● **What the task requires**: Keep the pictures out. Write out every line of the listing exactly.

● **Information supplied**:
· · ·

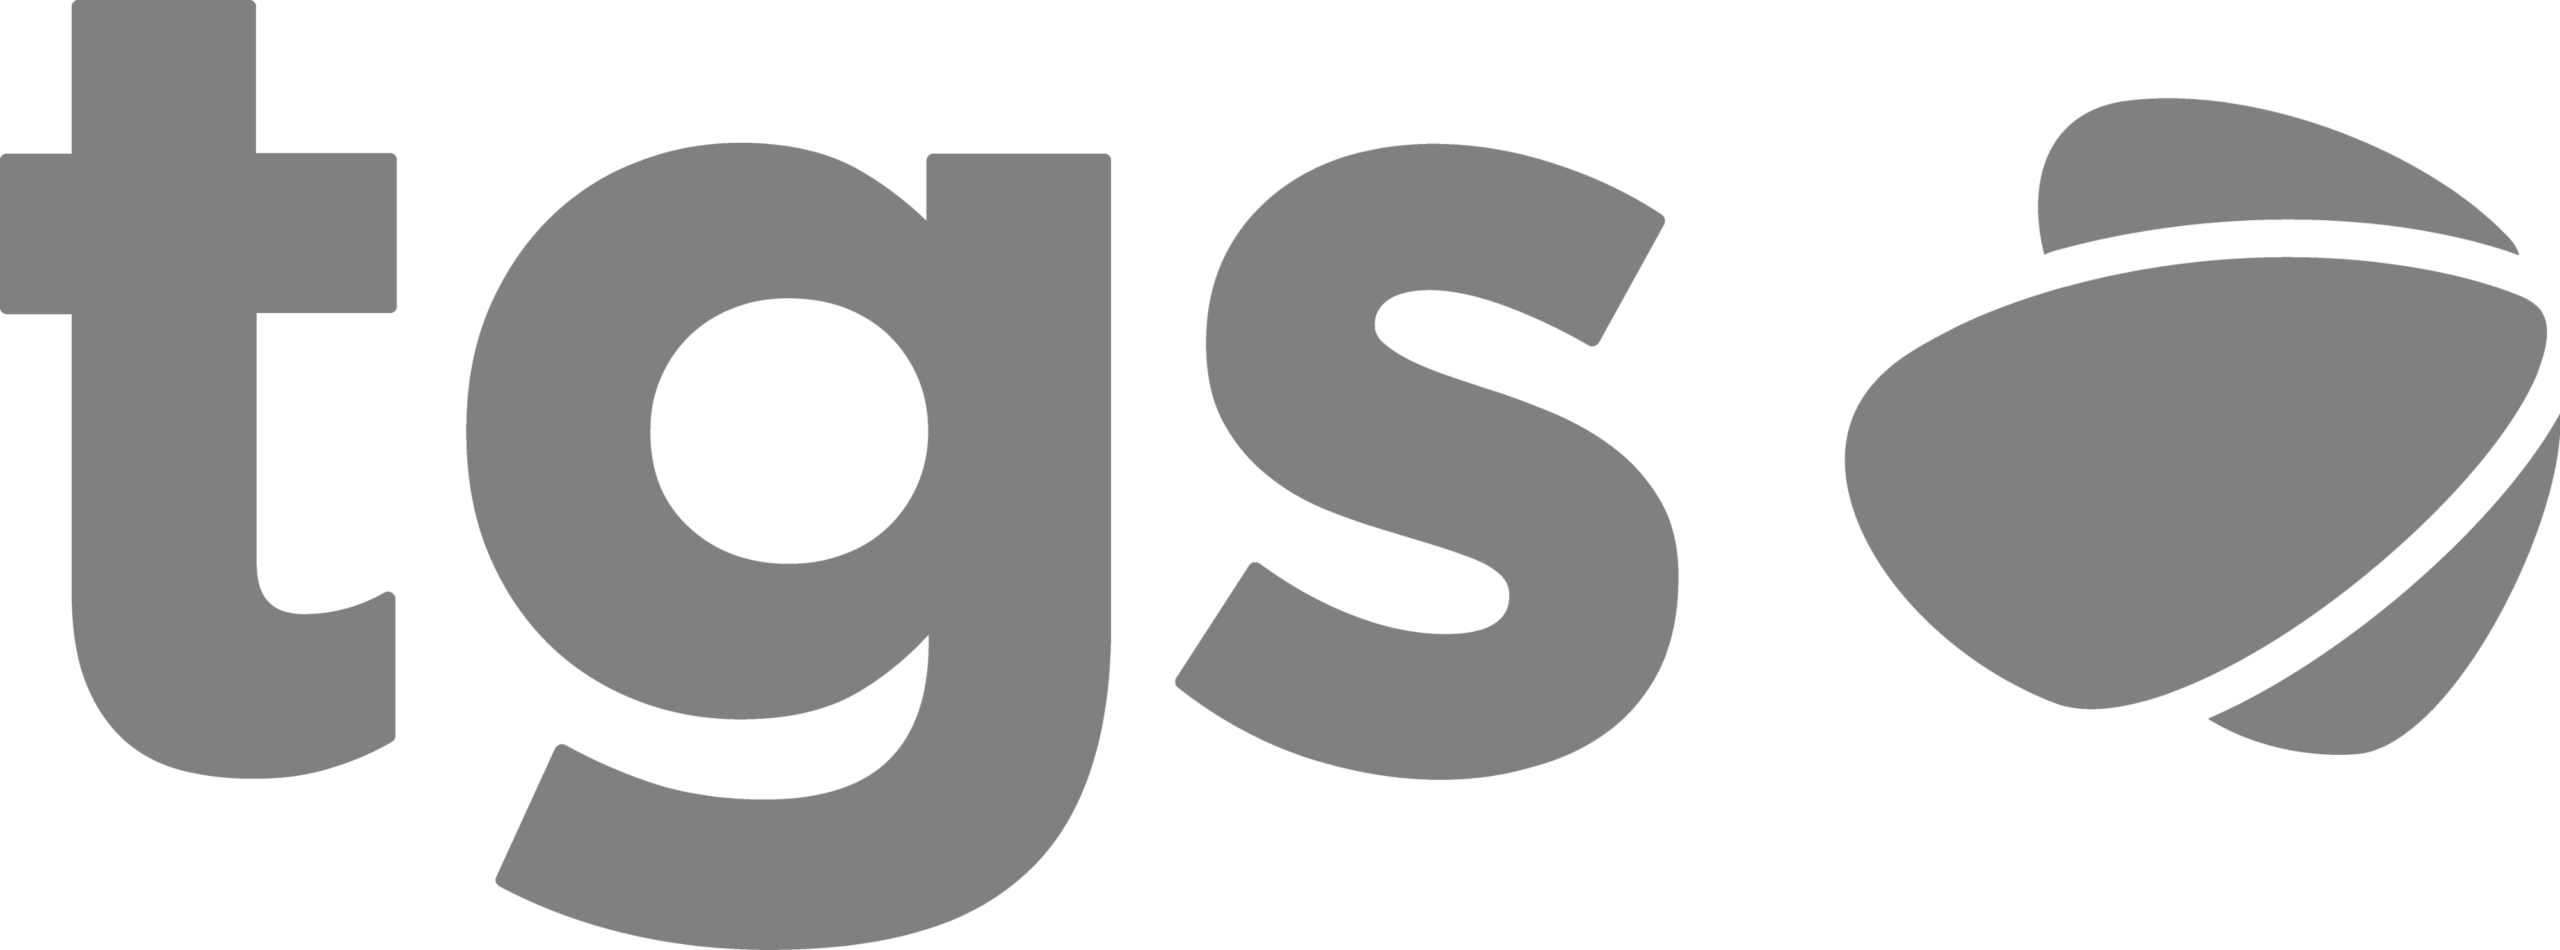 tgs-new
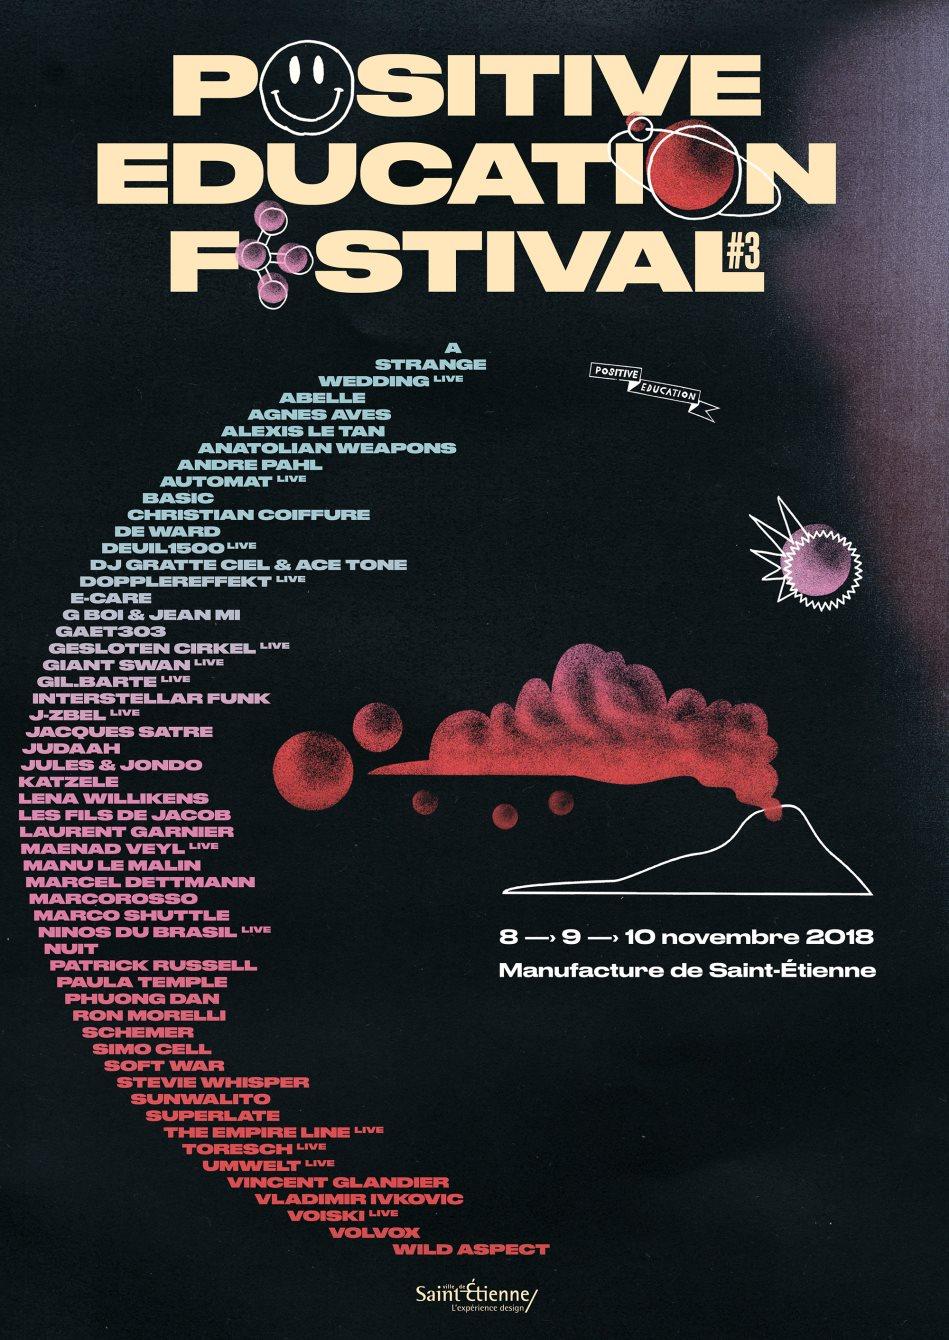 Positive Education Festival #3 - Flyer front
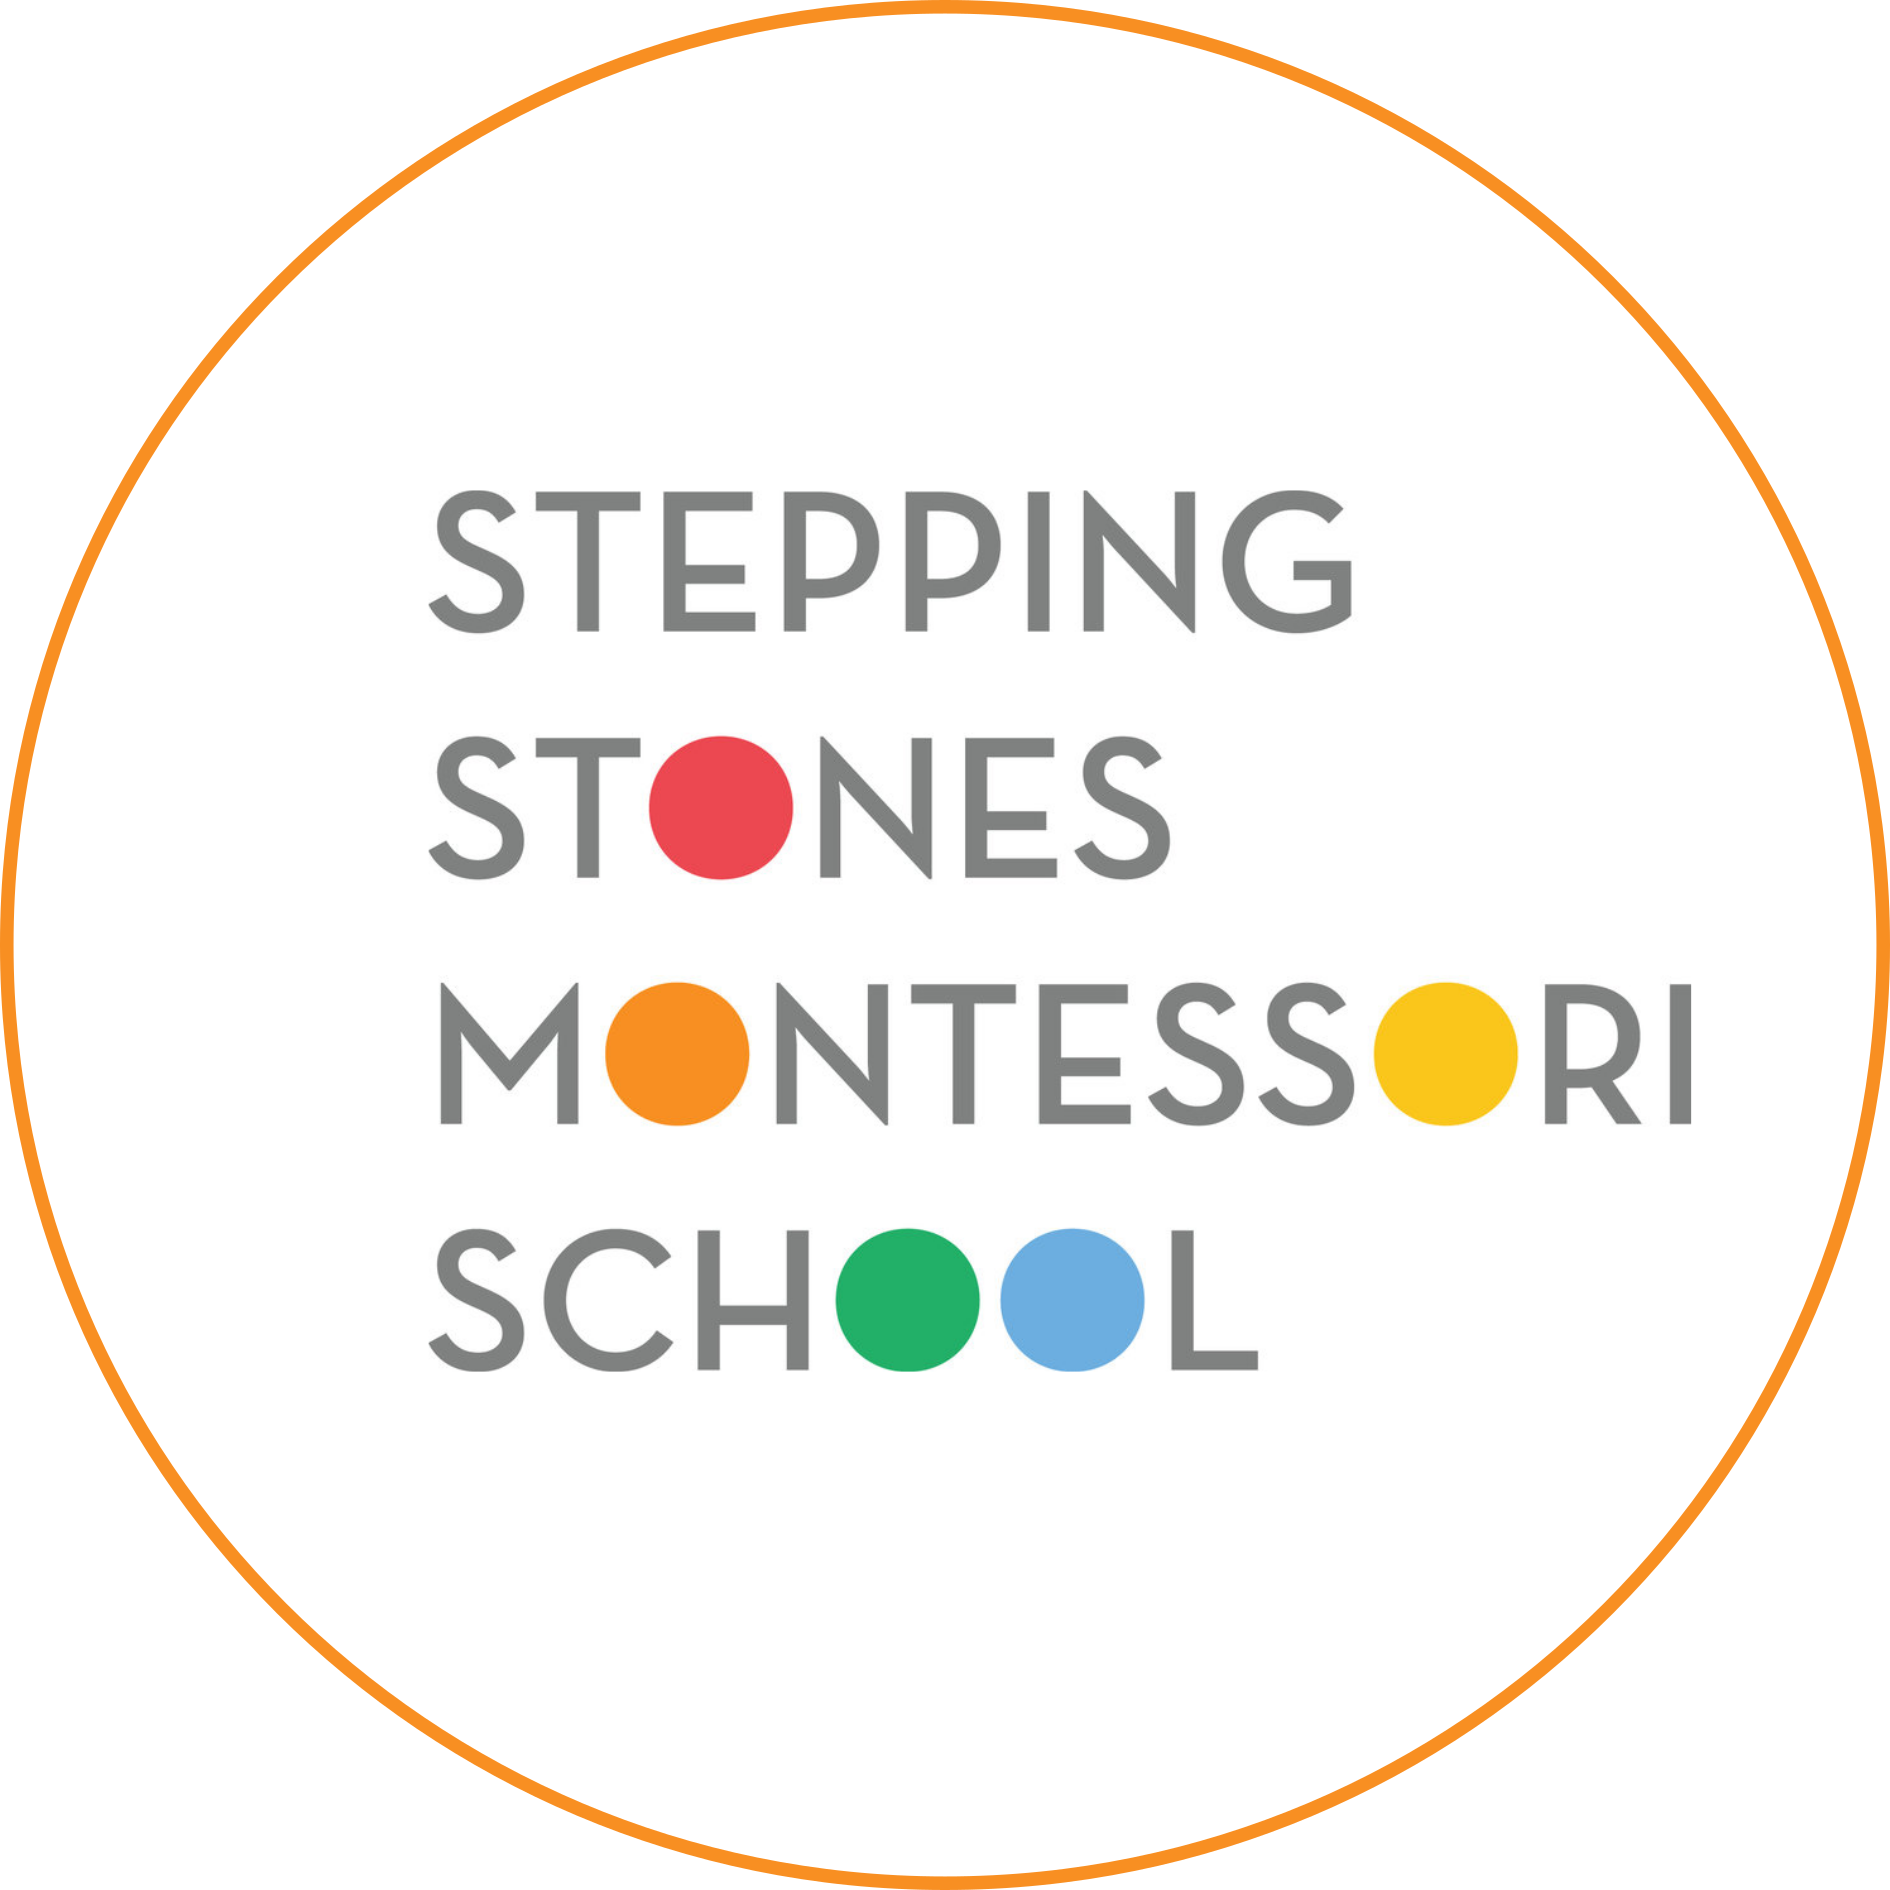 Stepping Stones Montessori School - Grand Rapids, MichiganFull Member

· · ·

● **Response to this exercise**:
 tgs-new
 Positive Education Festival #3 - Flyer front
 Stepping Stones Montessori School - Grand Rapids, MichiganFull Member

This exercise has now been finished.